Yes indeed - that fight was on the day of John Grundy's marriage to Maria Hodgkins - afterwards (well, 4 years later) Maria married John Nield's bother, Thomas Nield, and they had a number of children together until Maria died of a breast abscess nursing her newest baby - William Nield, who was later adopted by Josiah Hodgkins (my 4xg-uncle). So many connections!

34
Armed Forces / Re: Second Anglo-Afghan War 1878-80
« on: Wednesday 22 December 21 20:24 GMT (UK)  »
...and another

Henry Emery
Gunner, 7959
Royal Artillery

...

Thank you very much for these excellent biographies, Chris. Apologies for the late reply (work, work, work). Have a lovely Christmas!

- Garen.

35
Travelling People / Re: Staffordshire Travellers
« on: Tuesday 21 December 21 17:27 GMT (UK)  »

Hi . I am descendened from the Neilds and Hodgkinsons of smithy lane in Uttoxeter.  I strongly suspect gypsy / romani roots for these people but am unable to 100% confirm anything

I am also related to the Smithy Lane Hodgkins and Nield families. Definitely Gypsy connections, if not necessarily full Romani. The Hodgkins/ons clan are to be found all over - Uttoxeter, Rugely, Tutbury, Penkridge, Wolverhampton - often when travelling they are described as 'of Cheslyn Hay' (or sometimes Wyrley Bank), and many of them have earlier branches there.

Some of my research: https://www.garenewing.co.uk/family/hodgkins.html

Best - Garen.


36
Armed Forces / Re: Second Anglo-Afghan War 1878-80
« on: Saturday 08 May 21 10:07 BST (UK)  »
Garen,

At the outbreak of the Second Anglo-Afghan War in November 1878, Charles was stationed with H/1 in Secunderabad . After successive British victories, the initial phase of the war ended quickly with the signing of the Treaty of Gandamak in May 1879, however another uprising in September 1879 led to a second invasion of Afghanistan.  H/1 we deployed to reinforce the British in XXXXX. Though the war would not conclude until effectively General Roberts’ defeat of the rebels at the Battle of Kandahar, H/1 had returned to India by September 1880, based in Multan.
...
Can you clarify H/1's movements in Afghanistan?

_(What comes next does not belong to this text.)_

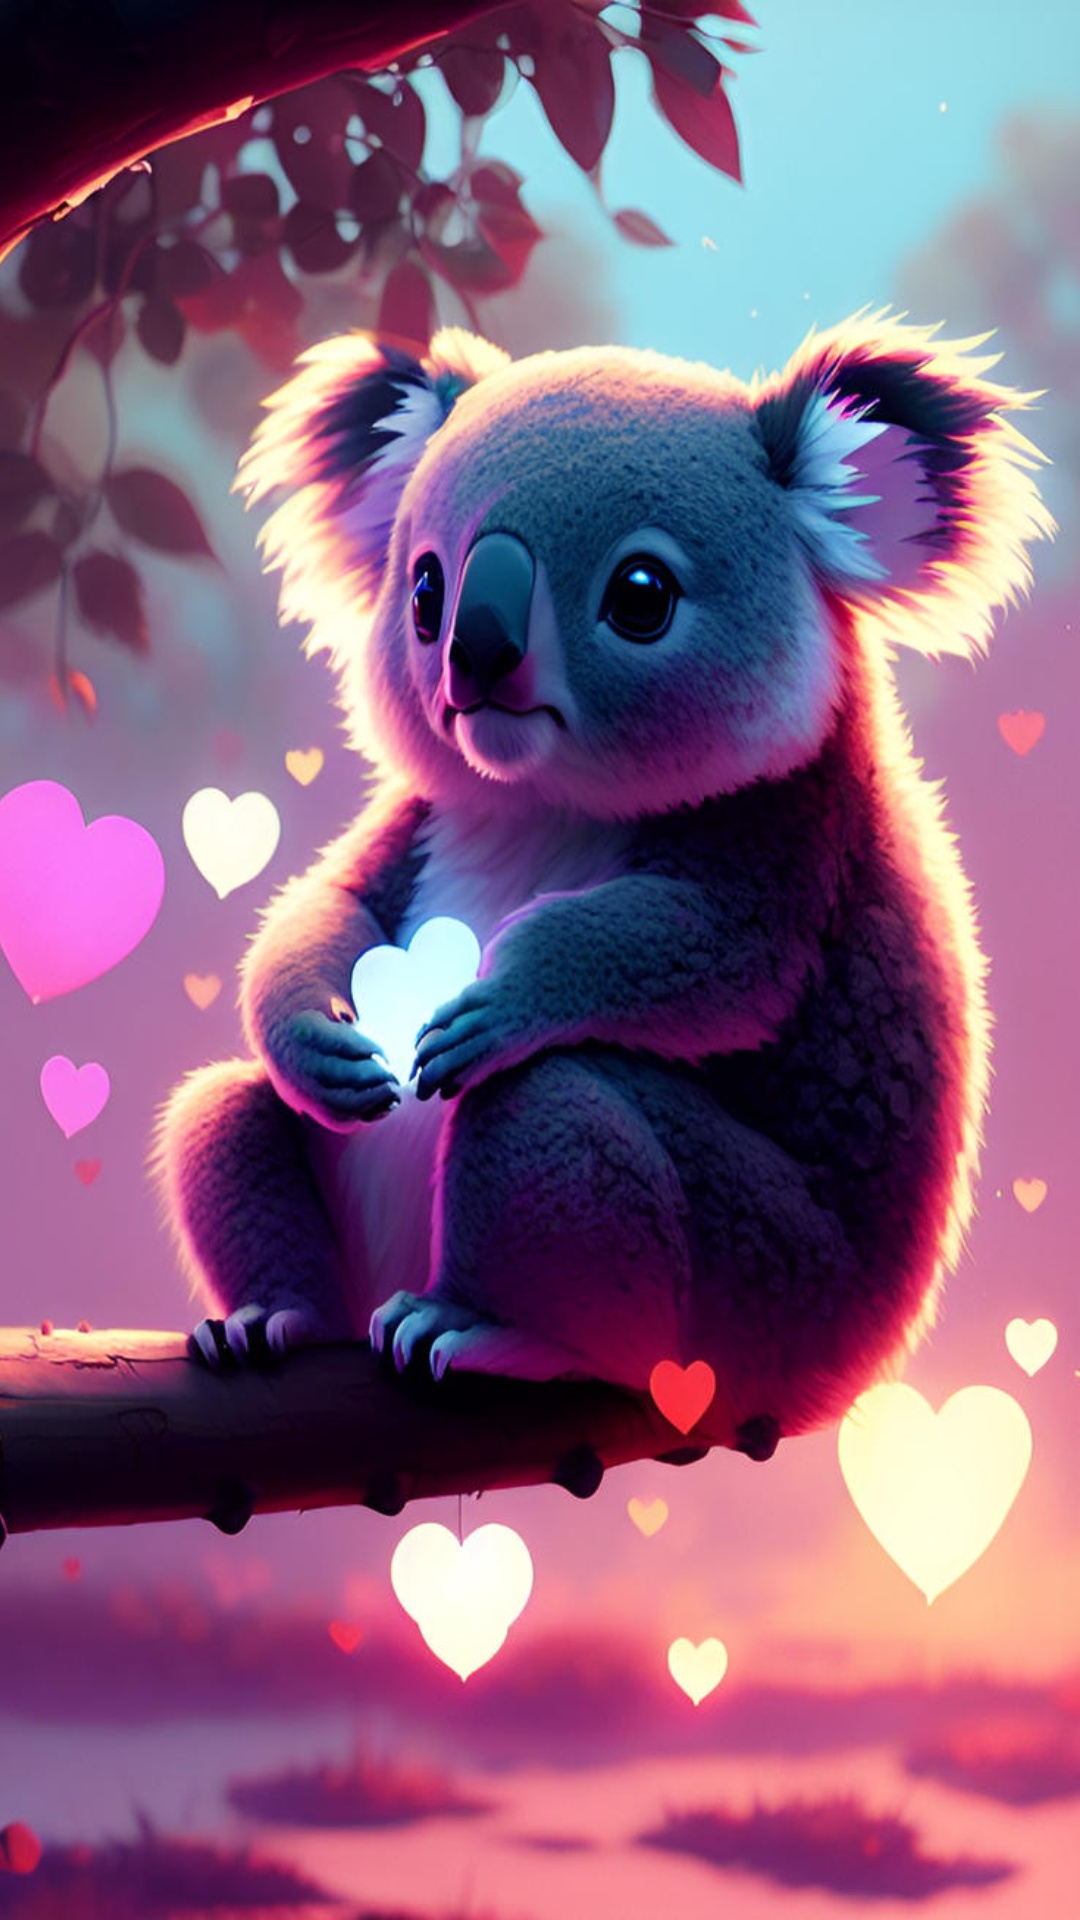 Koala Wallpaper Images

Another great write-up and bit of research Chris - thank you.

H/1 were moved from Secunderabad to Multan where they were stationed throughout the first campaign and up until the Autumn of 1880, when they joined General Phayre's forces to relieve Kandahar in the wake of the Maiwand disaster (en route from Multan to Quetta in Aug 1880). The route was a dangerous one and H/1 were initially brought in as a reserve to strengthen the lines of communcation.

They marched from Quetta, reaching Kandahar at the end of September with orders to relieve C/2 (a nice little link with your previous post). They moved to Dahila, in the Argandab Valley, in early October for a short while. After moving back to Kandahar they eventually evacuated the city with the remainder of the British and Indian forces in June 1881 - being part of the final group to leave, attached to Brig-Gen. Penton's 2nd Brigade, and returning to India.